| Work instructions |
Please find the line that holds "Stap in de wonderlijke" below and reproduce it, along with every line after it through the end, exactly and without pictures.

[Data entries]
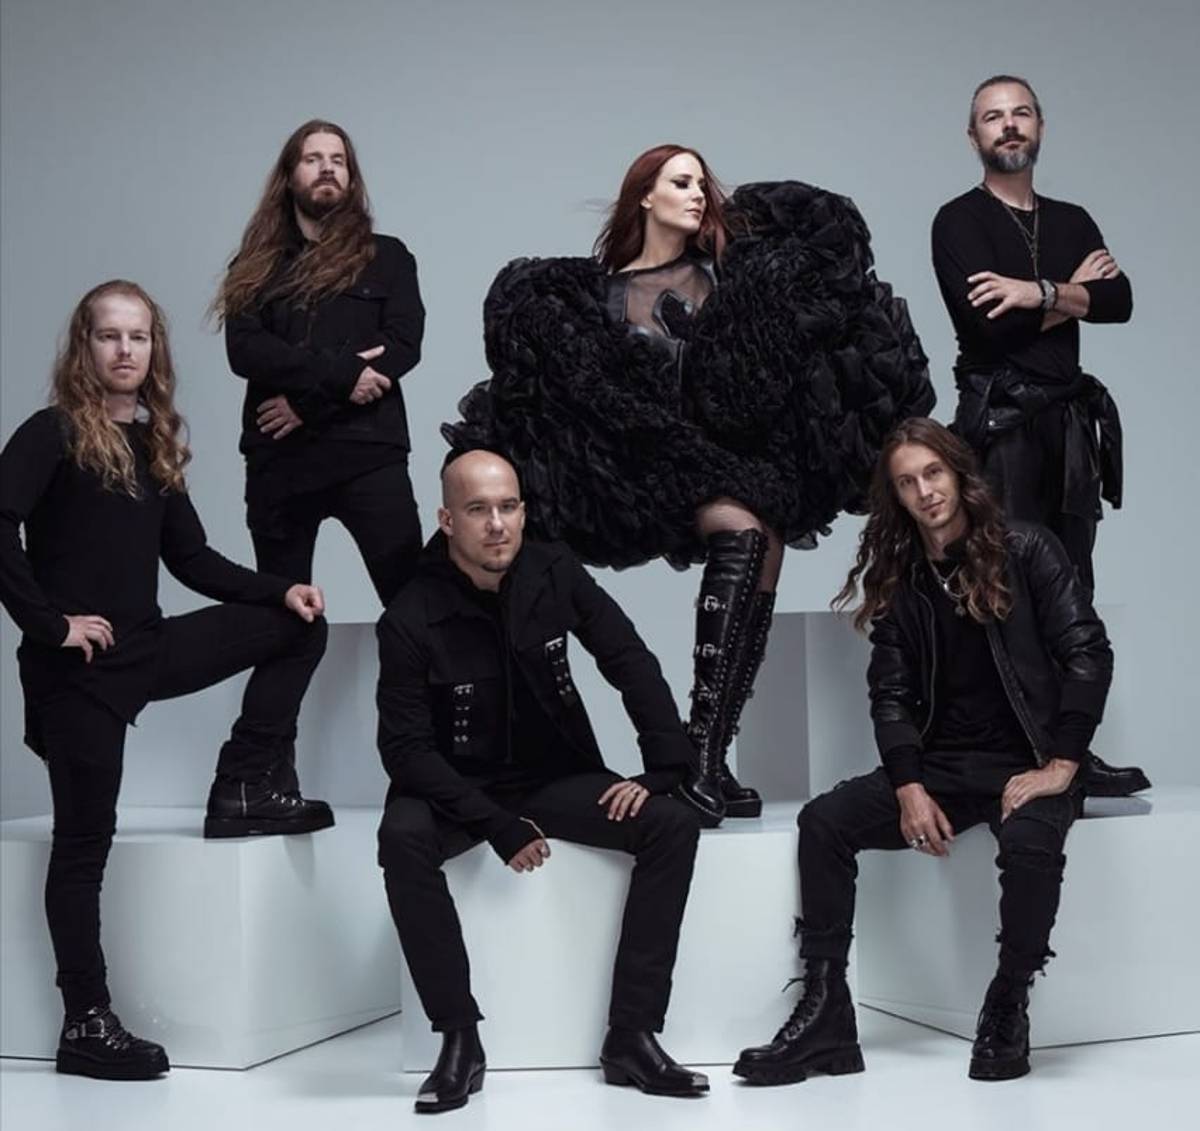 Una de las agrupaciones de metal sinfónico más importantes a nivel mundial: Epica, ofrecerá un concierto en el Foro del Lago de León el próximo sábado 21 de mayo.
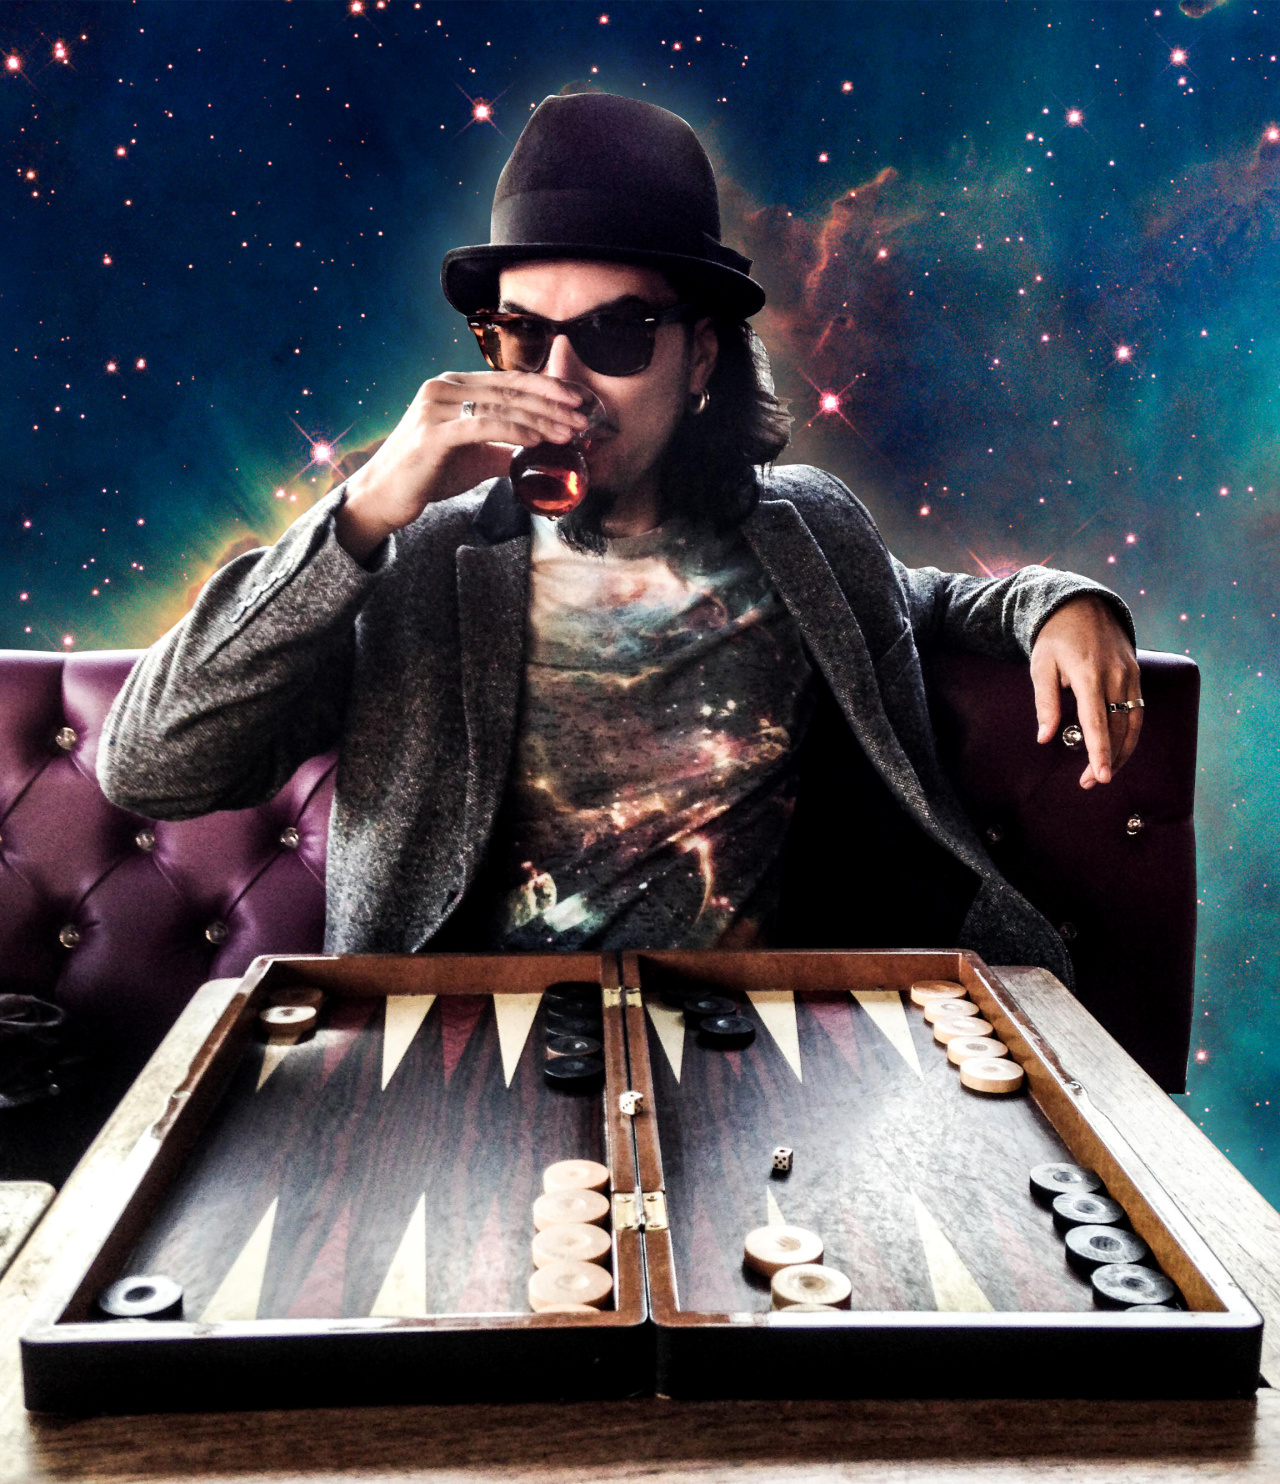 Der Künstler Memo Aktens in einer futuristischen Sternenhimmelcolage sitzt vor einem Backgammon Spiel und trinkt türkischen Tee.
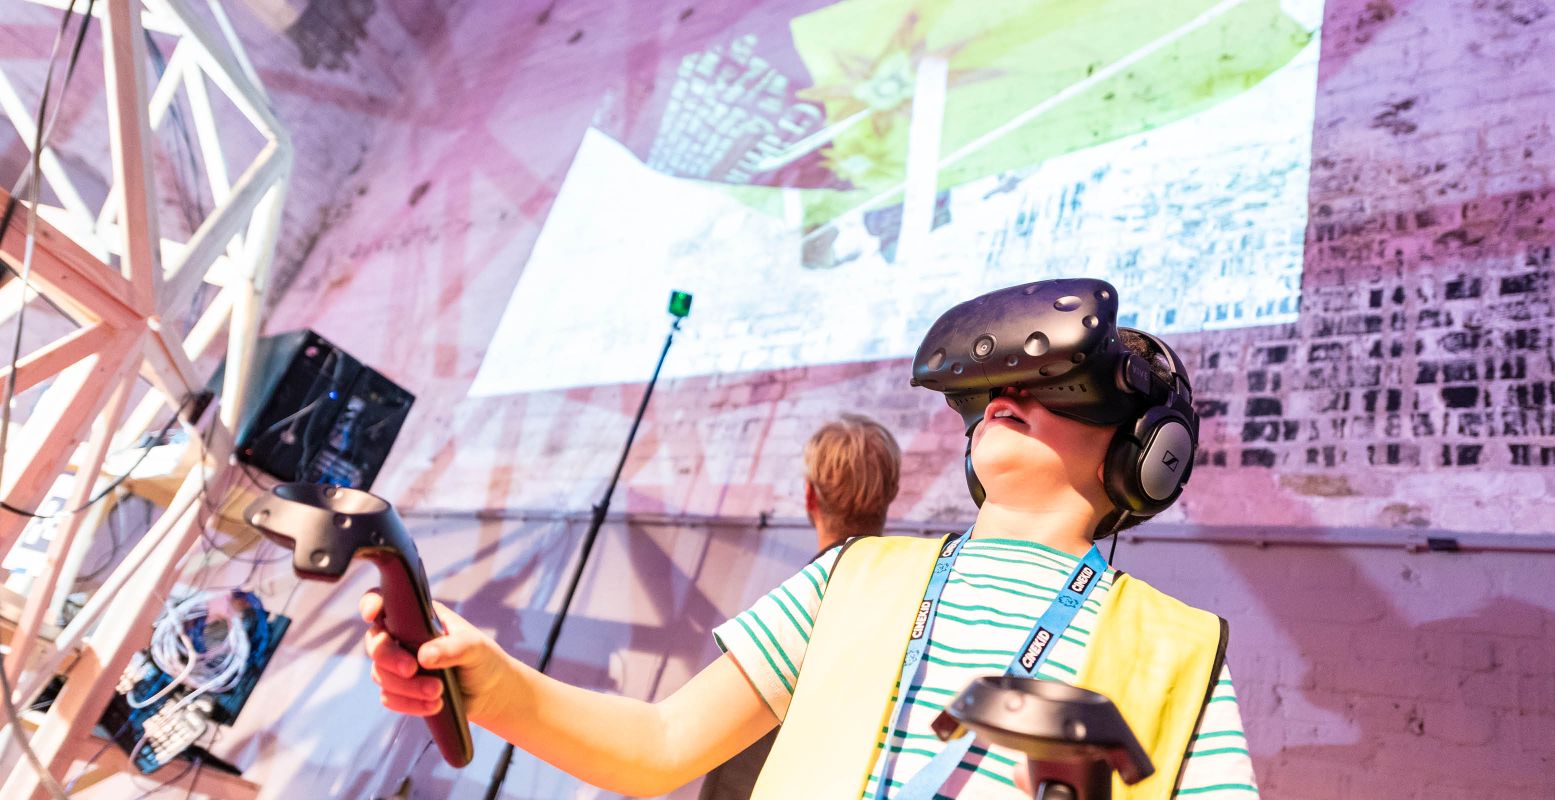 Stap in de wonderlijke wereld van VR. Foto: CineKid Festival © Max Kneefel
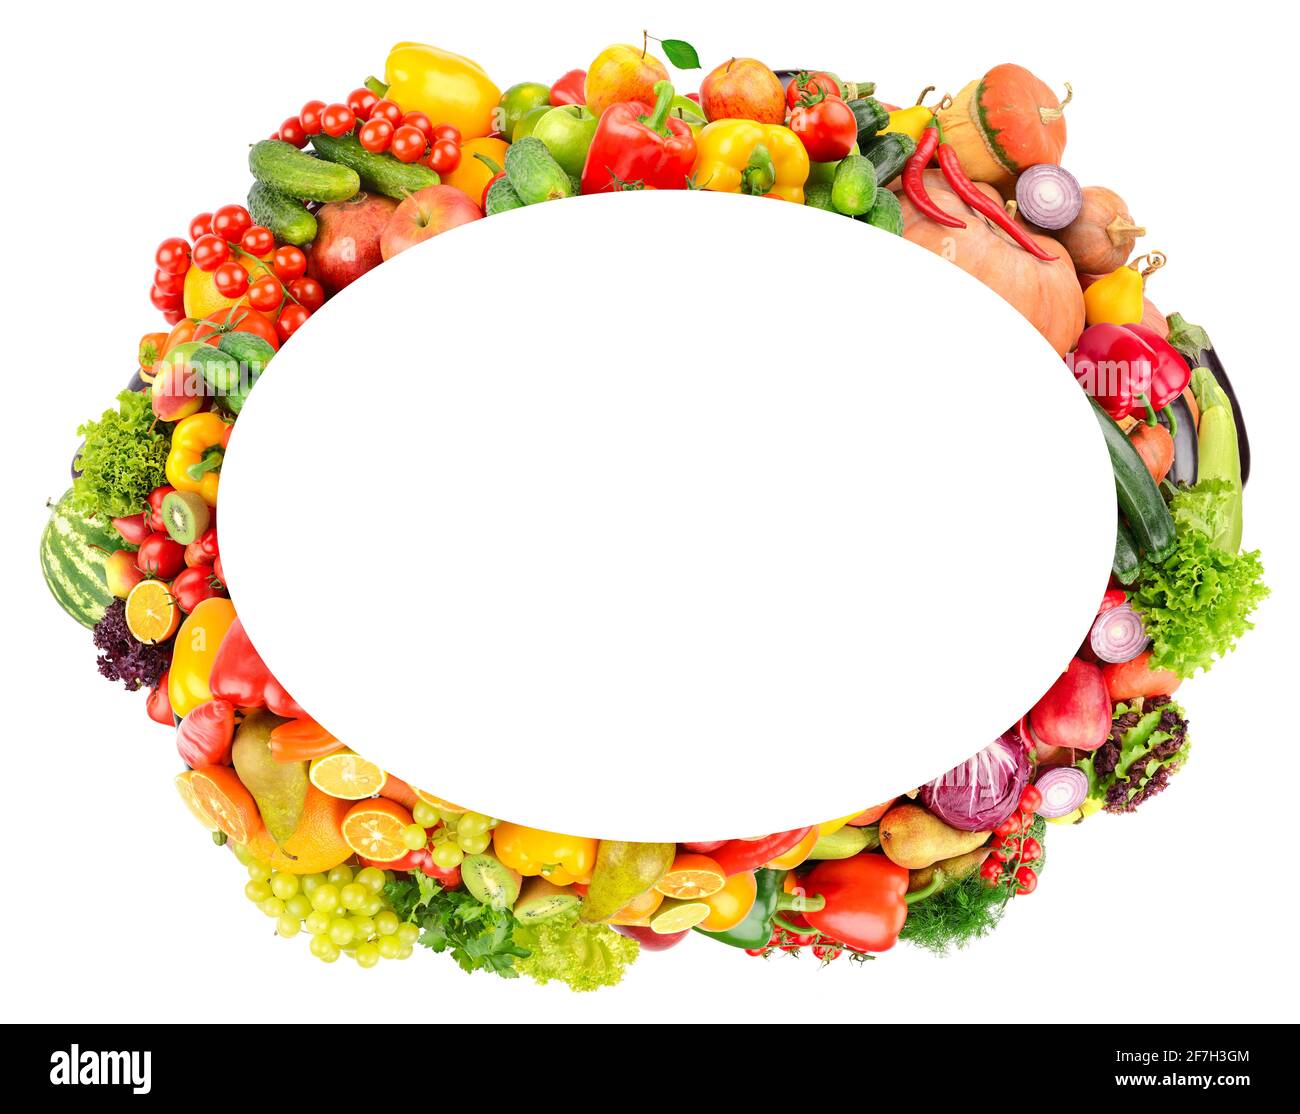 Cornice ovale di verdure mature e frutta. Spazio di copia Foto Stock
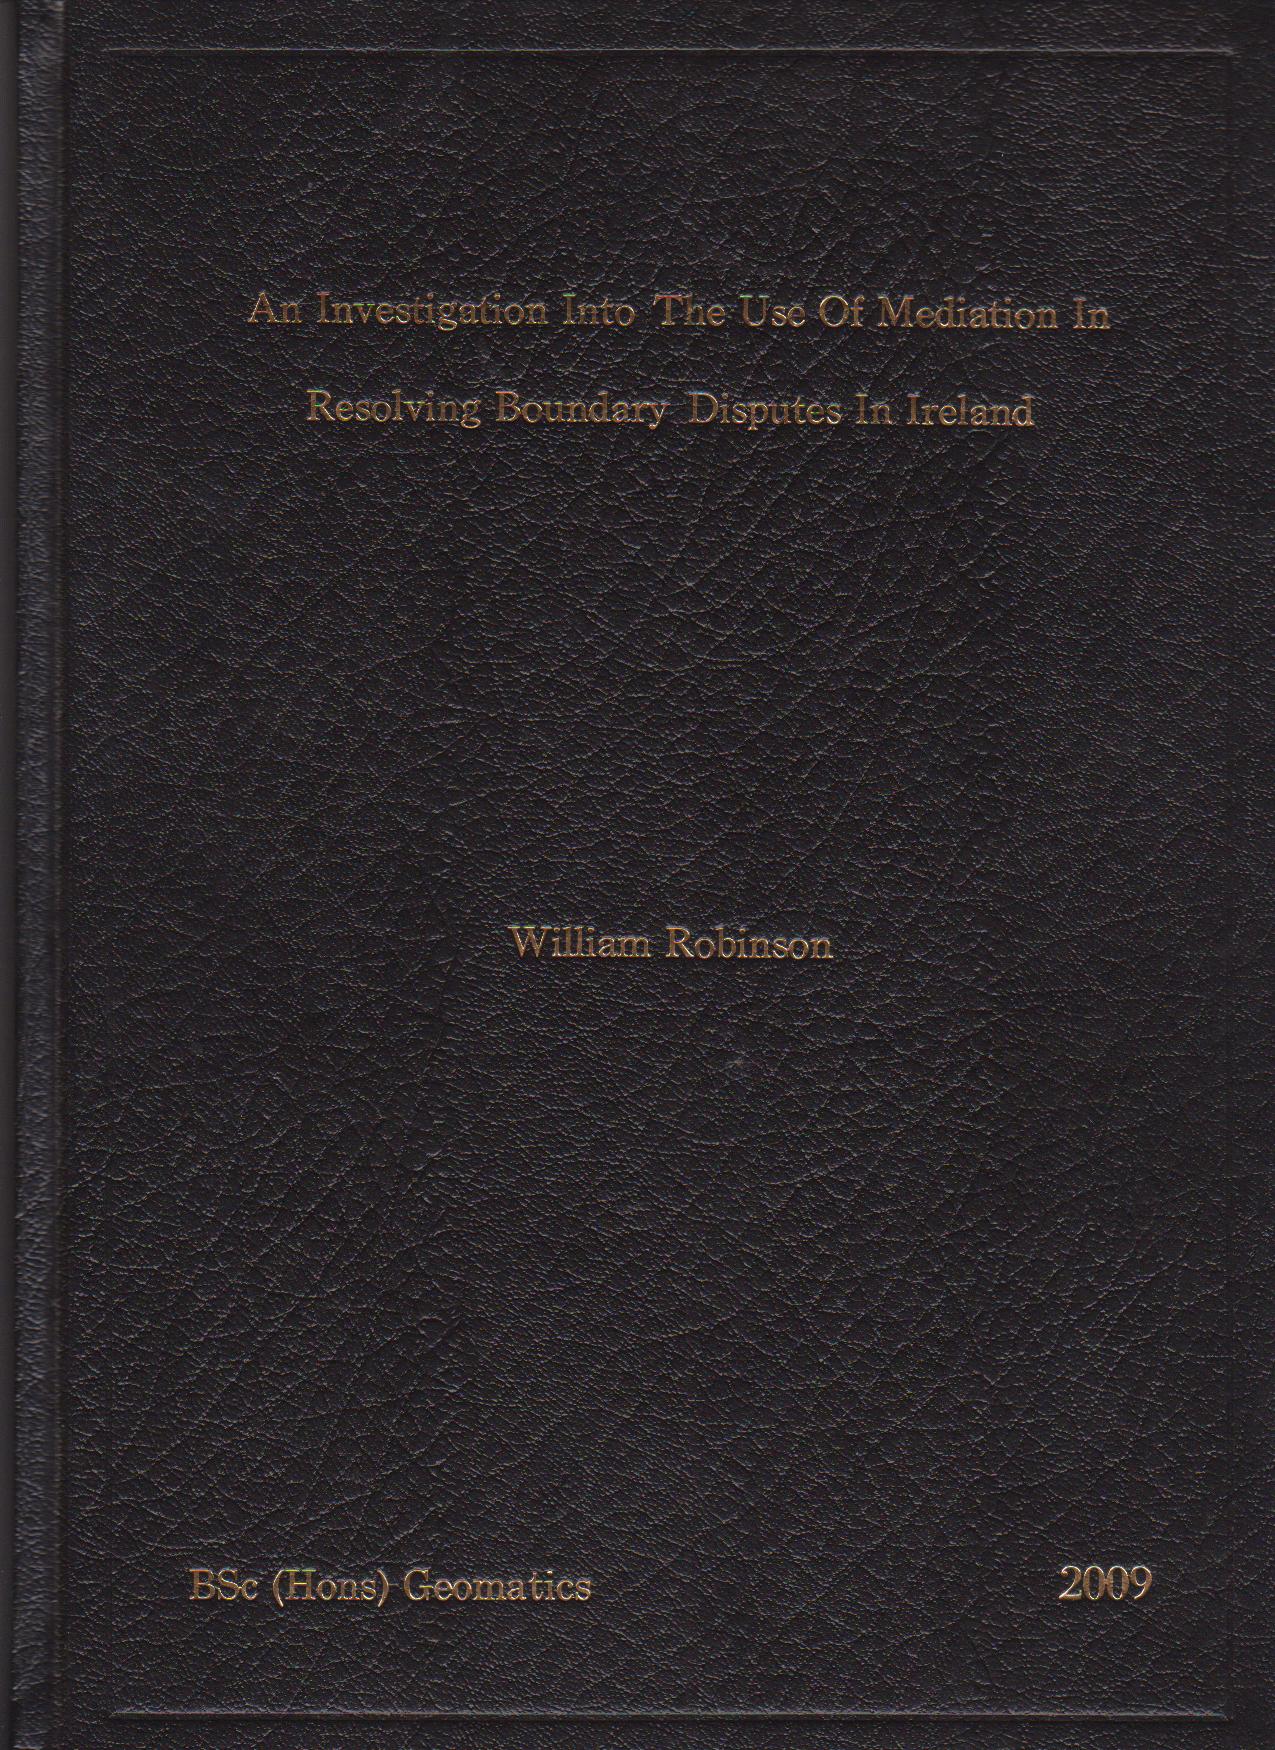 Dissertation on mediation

| Task solution |
 Stap in de wonderlijke wereld van VR. Foto: CineKid Festival © Max Kneefel
 Cornice ovale di verdure mature e frutta. Spazio di copia Foto Stock
 Dissertation on mediation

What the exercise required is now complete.